Struggling To Save? This Analogy Probably Won’t Help You…

Chest of Drawers

Let’s face it, saving money is hard. If you’re lucky enough to have something left at the end of the month the chances are you’d prefer to fritter it away on booze or gadgets rather than putting it aside for a rainy day. Research suggests that 40% of us fail to put anything away at the end of the month.

So what’s going to get you saving? A good analogy, of course. The Wall Street Journal suggests a new method for planning your savings, looking at them as if they were a chest of drawers in your bedroom (hopefully not the cheap ones from Ikea that you’ll inevitably cram far too many pants into and will fall apart after a couple of months):

Think of your various savings needs as something like your bedroom dresser. How well you fill that chest of drawers will determine how much financial flexibility you have and what kinds of choices you can make later in life. Just as you have to have that all-important underwear drawer, you need an emergency-cash drawer. This drawer will give you daily comfort and keep you out of trouble, allowing you to pay the bills for a few months if you lose your job, get sick or face a financial emergency… Just as you need a sock drawer, you also need a retirement drawer to keep you warm in your later years. If your company still provides a pension, that drawer may be filled for you. But most of us need to contribute to it, and the tax incentives make that an attractive place to put your savings.

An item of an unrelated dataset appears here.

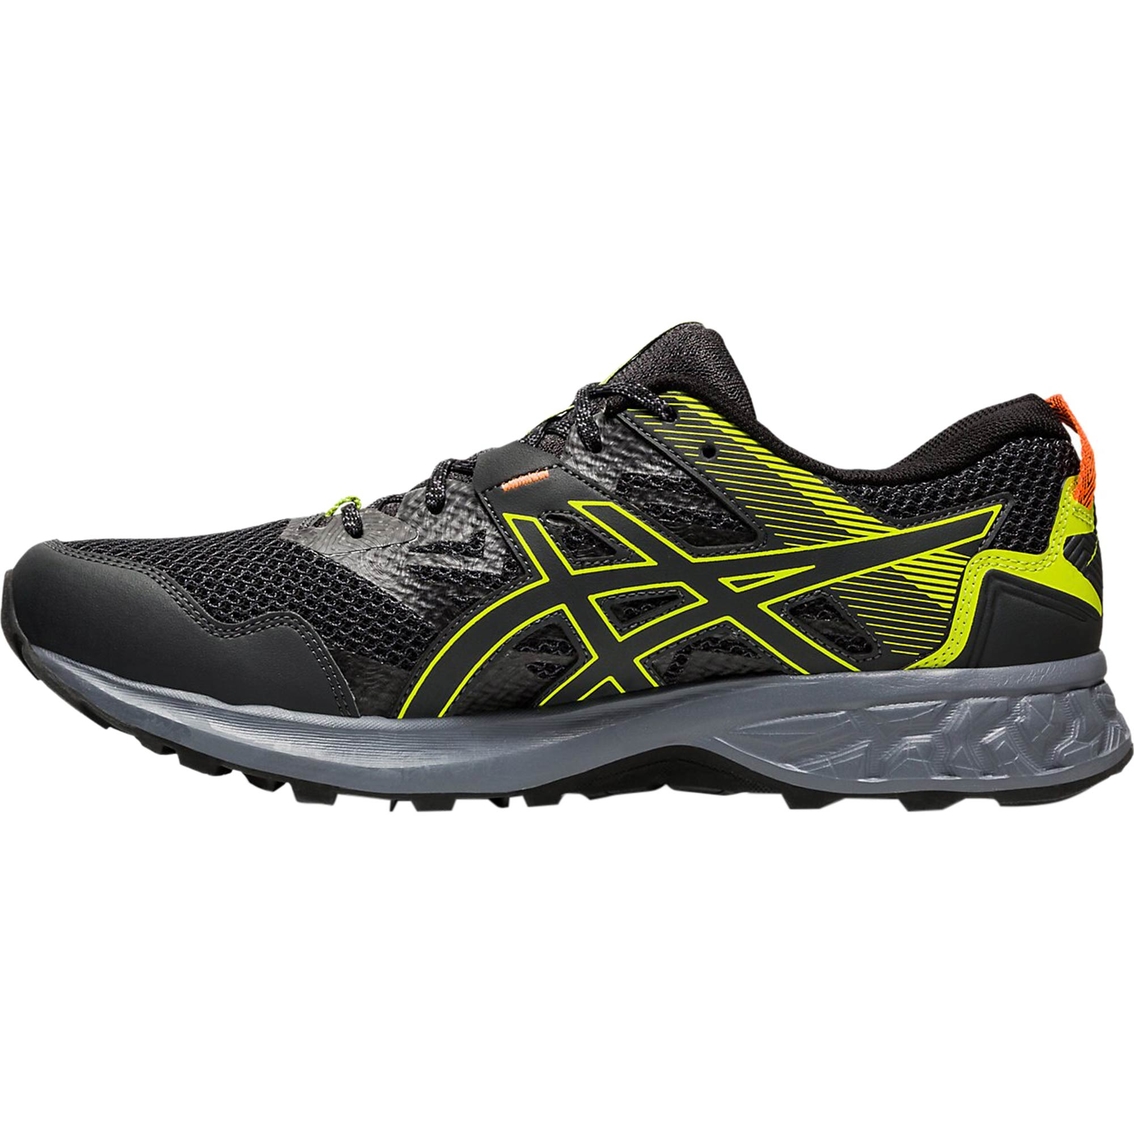 Asics Men's Gel Sonoma 5 Trail Running Shoes | Men's Athletic Shoes ...
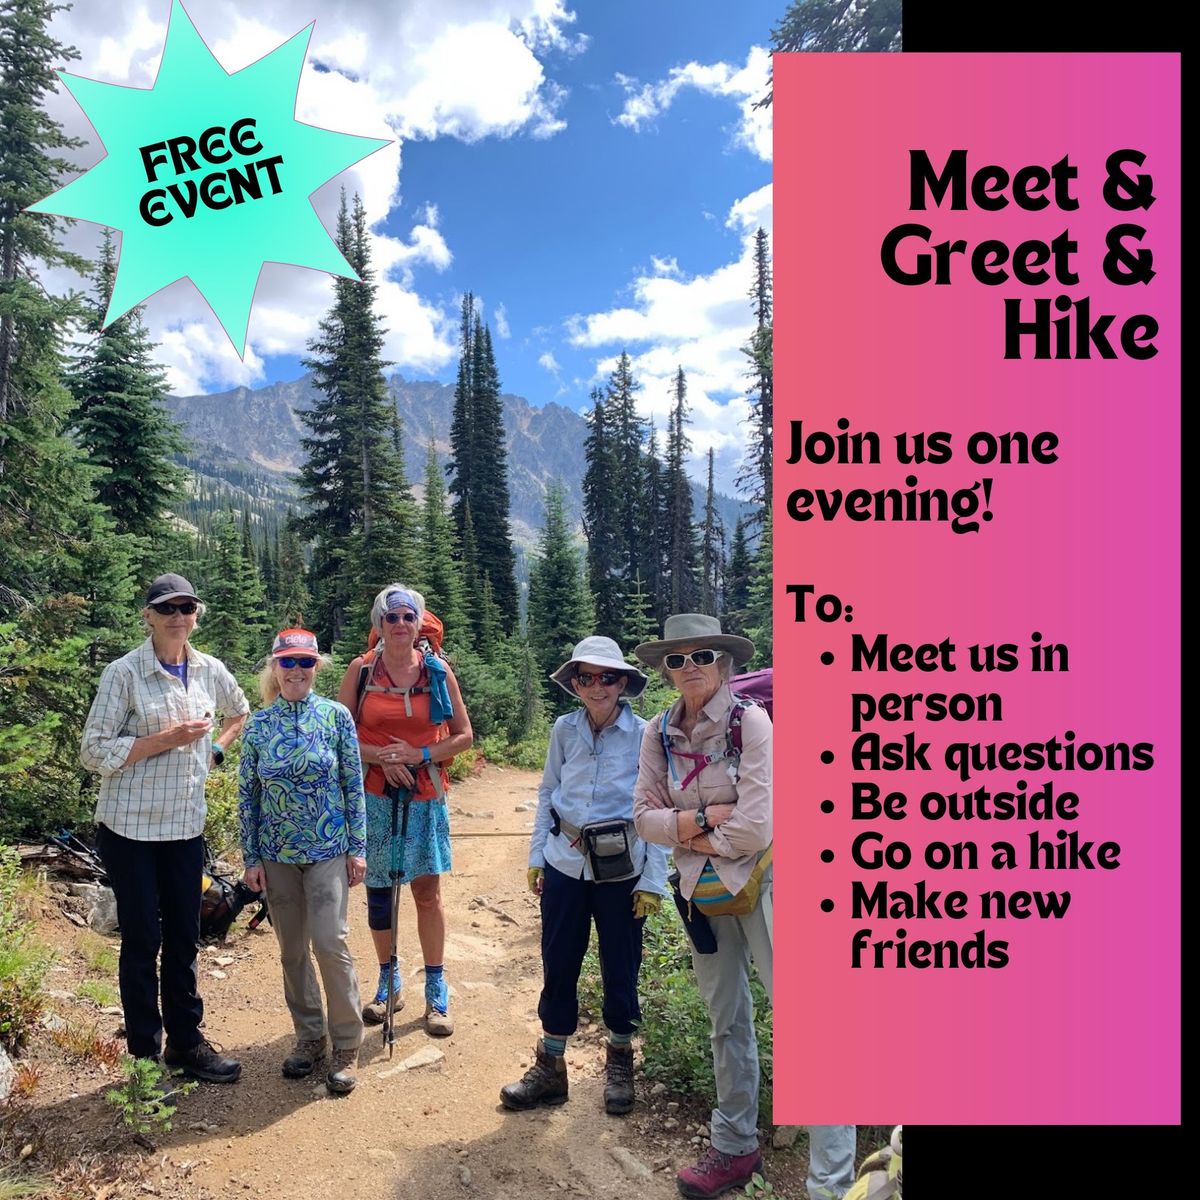 Meet & Greet & Hike

Yep, they stretch the analogy way too far, but it’s probably a good a way as any to start you thinking about what savings you need, even if it’s not really a proper savings plan.

Creative Commons License photo credit: Tom T

Similar Posts:



2 thoughts on “Struggling To Save? This Analogy Probably Won’t Help You…

  1. 40%! That’s scary, and I strongly suspect in the current climate that percentage is edging ever-upwards.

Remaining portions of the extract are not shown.